Я болезненно поморщился. Совсем забыл предупредить Алю, чтобы не светила своими достопримечательностями, а то ведь и до беды недалеко!
Сыч заметил мою реакцию, сказал:
— На днях на связь выходил Олег Павлович. Лично! Говорил, что девчушка одна приметная потерялась. Ищет он ее,— с нажимом сказал он.
Непривычно было услышать, как Сыч назвал по имени-отчеству этого человека. Да, когда-то он был просто Олегом Палычем, но сумел подняться невероятно, и теперь был известен под более громким именем — Палач.
— Я знаю,— буркнул я.
Сыч замялся.
— Ты пойми меня правильно, Кирилл: я ничего не имею ни против тебя, ни против этой девушки. И, если что, я никому ничего не скажу. Но ведь я не один. Люди видят, языки болтают. Не по злобе, а нечаянно сорваться может. Я со своими, конечно, переговорю, но... Всякое может случиться. А у нас бабы, дети. Не хотелось бы проблем нажить.
— Я понял. Мы долго не задержимся.
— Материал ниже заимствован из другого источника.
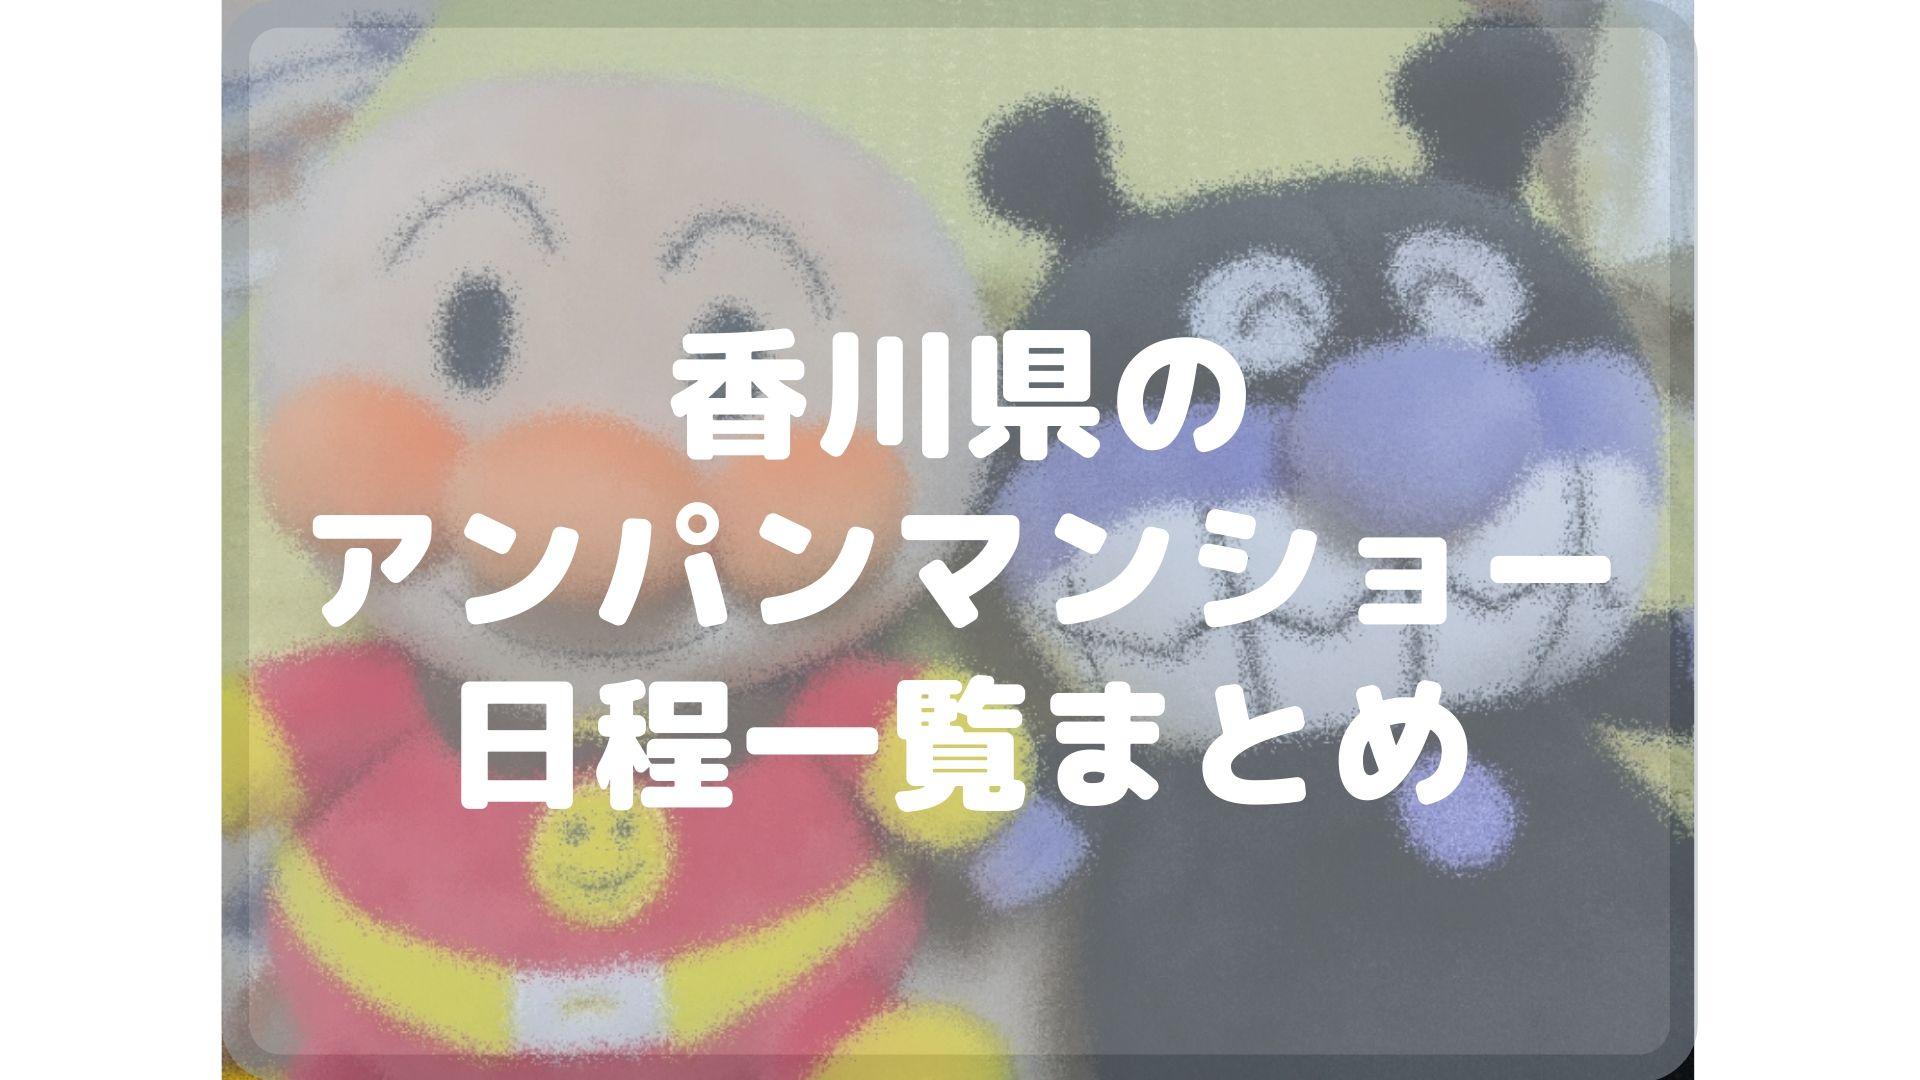 香川県のアンパンマンショーまとめタイトル画像

Нам бы еды, воды, ну и патронов, сколько не жалко. У меня есть немного барахлишка разного, чтобы расплатиться...
— Об этом даже не думай — сочтемся!— замахал руками Сыч.— Едой, водой поможем, чем можем. Насчет патронов поговори с Кузьмой. Он заведует у нас оружейкой... Да ты его знаешь.
— Знаю,— кивнул я.
— И не обижайся на старика.
— Я не обижаюсь. Я все понимаю... Мы перекусим и сразу же уйдем.
— Вот и ладно,— с облегчением вздохнул Сыч...
Ветряк стоял в самом центре поселка — невероятно огромная конструкция, подавляющая своими размерами. Первые строения появились у ее подножия, но потом поселенцы начали расширяться, и теперь городок представлял собой кольцо построек с огородами, выходившими внутрь. Снаружи его опоясывал забор, собранный из стали и алюминия. Несмотря на то, что огород имелся в каждом хозяйстве, ветряковцы жили общиной, поэтому все выращенное и добытое шло в общий котел. Немного капусты, тыквы, репы. А кроме того — лук, чеснок, кабачки, огурцы, помидоры и даже — по сезону — клубника. Вне пределов поселения ветряковцы держали два поля — картофельное и пшеничное за отдельной оградой. Примитивная мельница с электроприводом, пекарня, колодец с помпой и небольшая мастерская облегчали общинный труд, а мягкий климат и завидное усердие позволяли поселенцам иметь даже кое-какие излишки. Кроме различной зелени ветряковцы держали немного кур, овец и свиней.
Все это, конечно, здорово, но меня интересовала в первую очередь "оружейная комната". Прежде чем я до нее добрался, пришлось пообщаться с народом, жаждавшим новостей. Я был краток, поэтому уложился в полчаса.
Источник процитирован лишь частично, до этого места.